The standards for summary judgment are well settled. Rule 56(c) of the Federal Rules of Civil Procedure 56(c), states that summary judgment is appropriate only if "the pleadings, the discovery and disclosure materials on file, and any affidavits show that there is no genuine issue as to any material fact and that the movant is entitled to judgment as a matter of law." Fed.R.Civ.P. 56(c); Reiseck v. Universal Commc'ns of Miami, Inc., 591 F.3d 101, 104 (2d Cir. 2010). The moving party bears the burden of showing entitlement to summary judgment. See Huminski v. Corsones, 396 F.3d 53, 69 (2d Cir. 2005). In the context of a Rule 56 motion, the court "is not to weigh the evidence but is instead required to view the evidence in the light most favorable to the party opposing summary judgment, to draw all reasonable inferences in favor of that party, and to eschew credibility assessments." Amnesty Am. v. Town of W. Hartford, 361 F.3d 113, 122 (2d Cir. 2004); see Anderson v. Liberty Lobby, Inc., 477 U.S. 242, 248 (1986) (summary judgment is unwarranted if "the evidence is such that a reasonable jury could return a verdict for the nonmoving party").
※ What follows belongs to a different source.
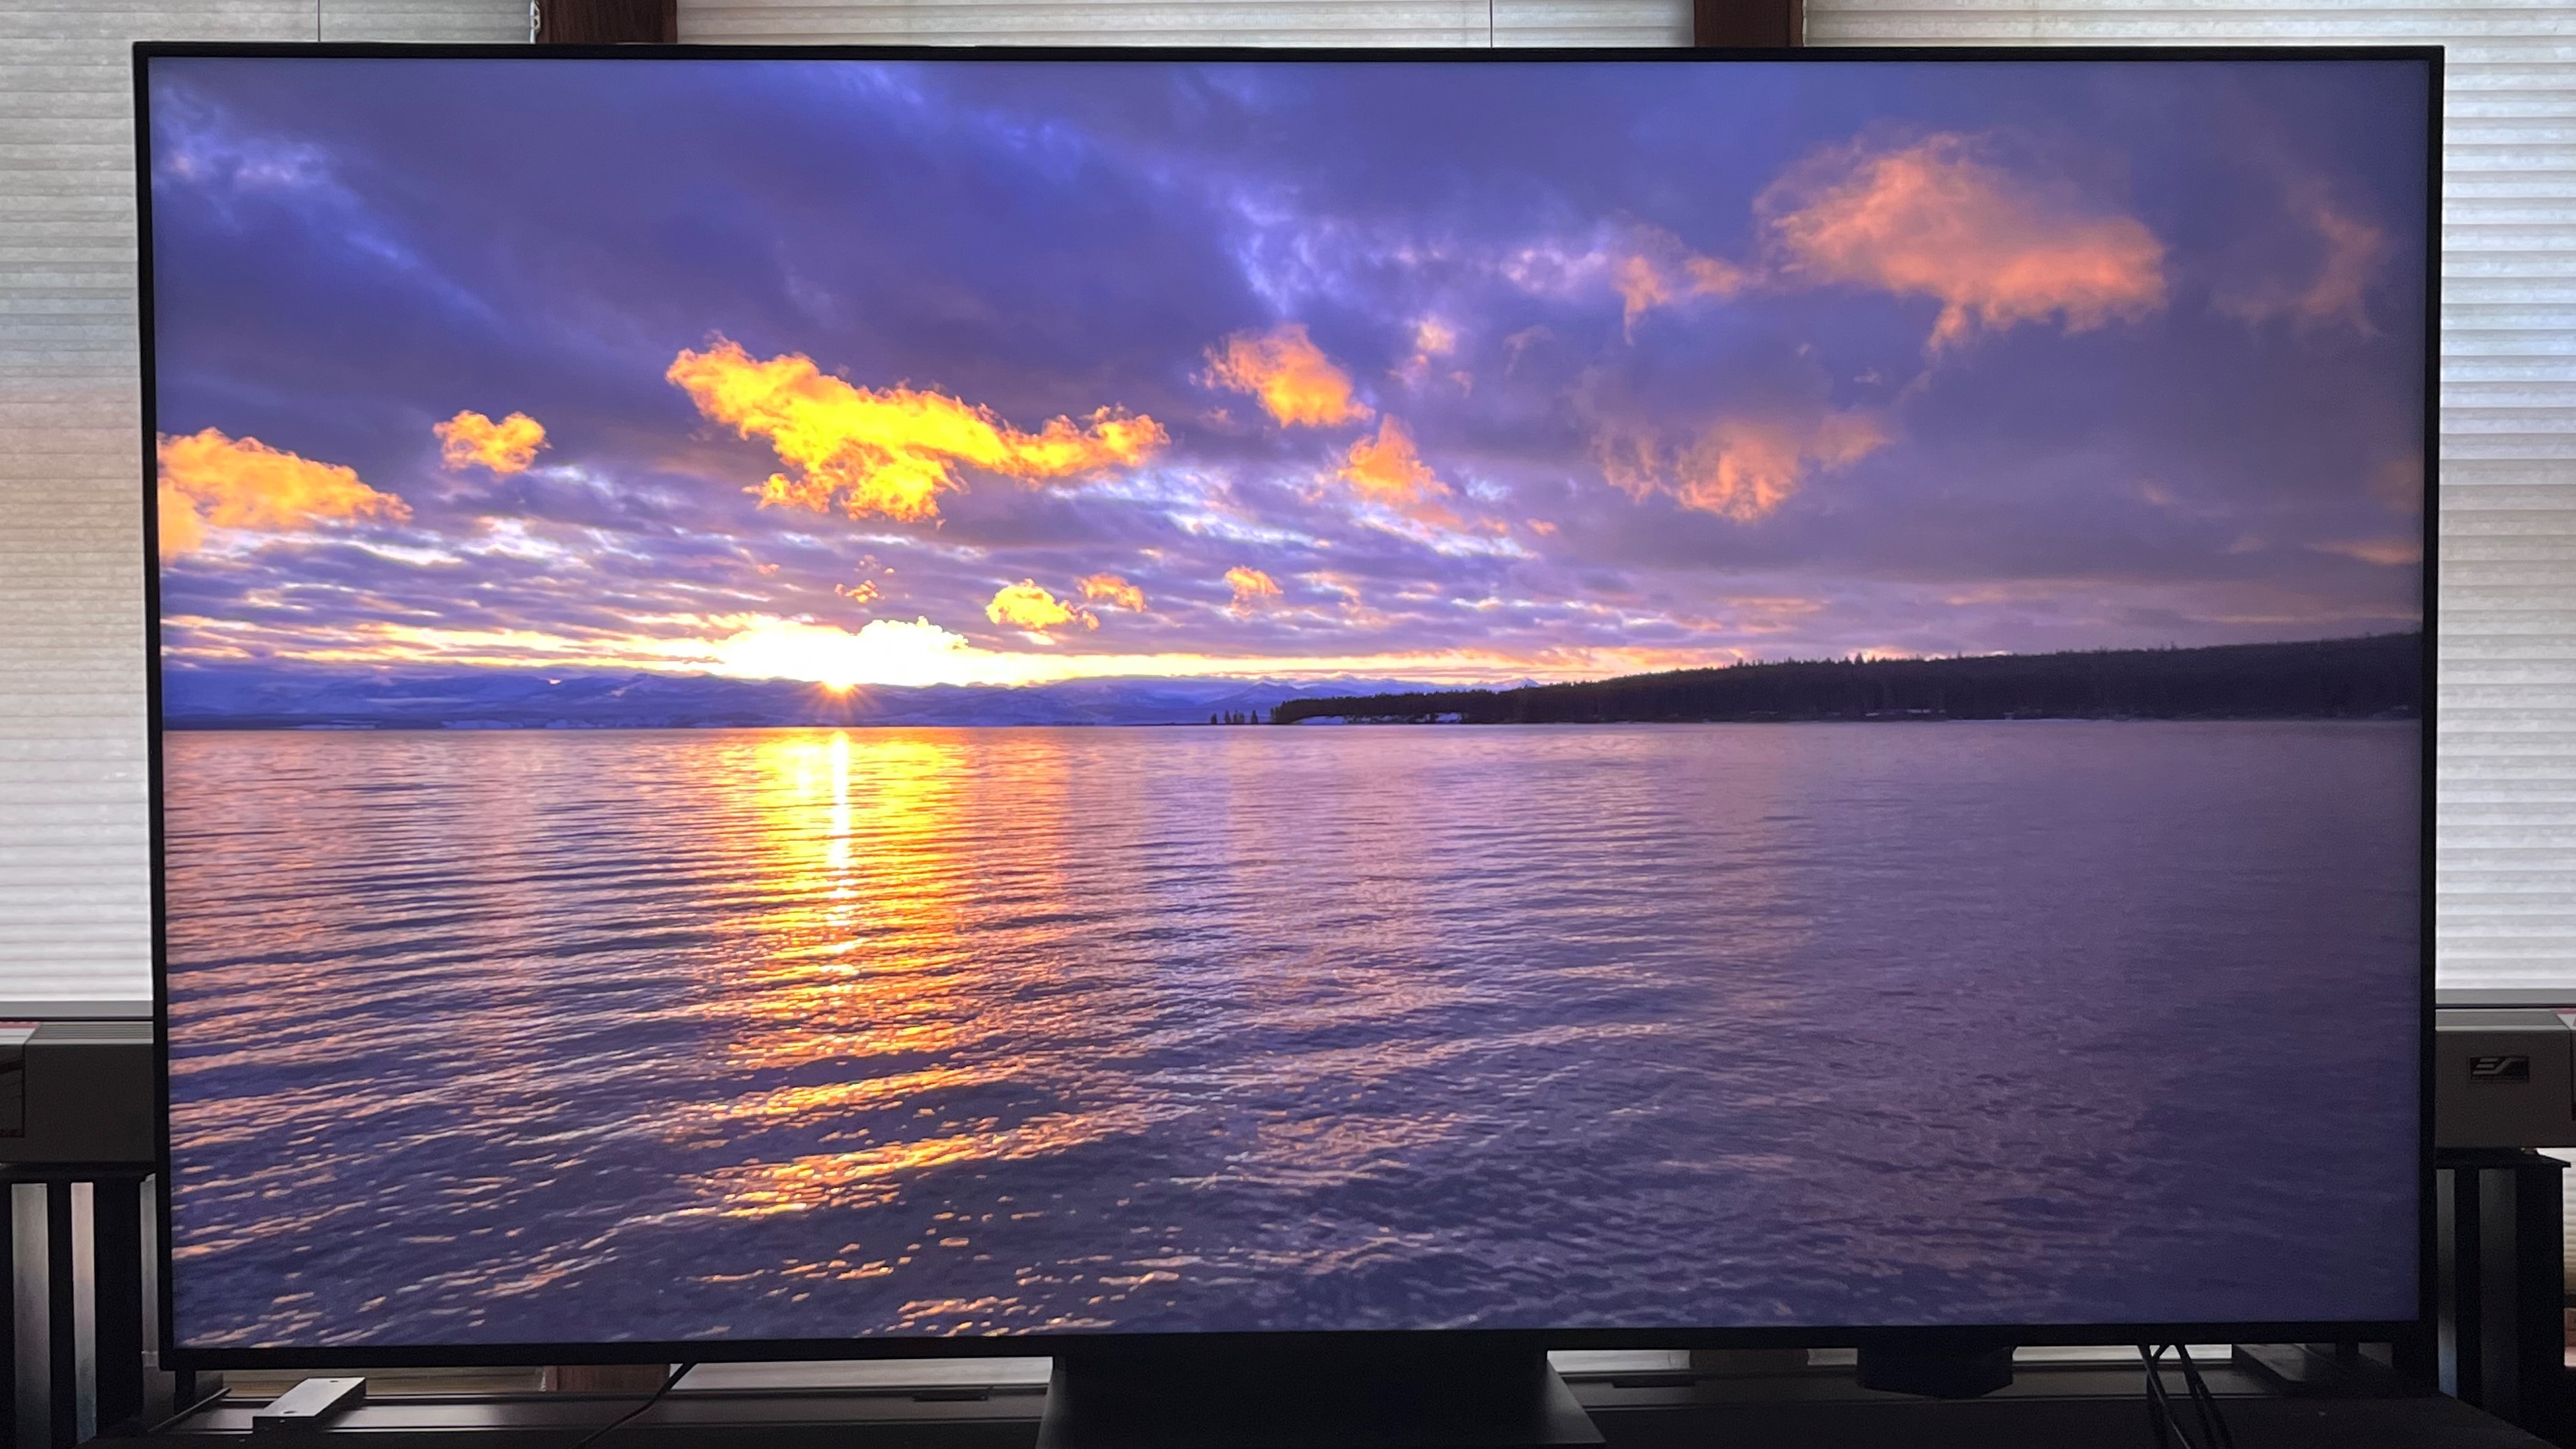 TCL QM8 showing image of sunset on water

The court has reviewed the parties' submissions and concludes that numerous issues of fact exist that preclude the entry of partial summary judgment with respect to Defendants' affirmative defenses. These issues of fact include, inter alia, what duties, if any, were owed and/or breached; the conditions underlying the Appraisal; the circumstances surrounding the issuance of the loan and whether there was contributory negligence; whether a contract exists between these parties, if so, whether it was breached; and, whether the Plaintiff mitigated its damages. Accordingly, Plaintiff's motion for partial summary judgment is denied. See Fed. R. Civ. P. 56(c) (a party seeking summary judgment must demonstrate that "there is no genuine issue of any material fact and that the moving party is entitled to a judgment as a matter of law"); Celotex Corp. v. Catrett, 477 U.S. 317, 322 (1986); Reiseck v. Universal Communications of Miami, Inc., 591 F.3d 101, 104 (2d Cir. 2010).2

The Clerk of the Court is directed to deny Plaintiff's motion for partial summary judgment in its entirety. Counsel is directed to appear in Courtroom 940 for jury selection in this matter on April 1, 2013 at 9 am.

SO ORDERED.

FootNotes


1. In their opposition papers, Defendant LIAN withdrew the statute of limitations affirmative defense.
2. Defendants argue Plaintiff's motion is more accurately styled as a motion to strike a pleading under the Federal Rules of Civil Procedure, Rule 12(f). Even when timely, a motion to strike an affirmative defense "is not favored and will not be granted unless it appears to a certainty that plaintiffs would succeed despite any state of facts which could be proved in support of defense." William Z. Salcher, Panfeld, Edelman v. Envicon Equities Corp., 744 F.2d 935, 938 (2d Cir. 1984), vacated on other grounds, 478 U.S. 1015 (1986). (quotations omitted). To the extent Plaintiff makes this motion under Rule 12(f), because various issues of fact exist as cited above, the motion is denied.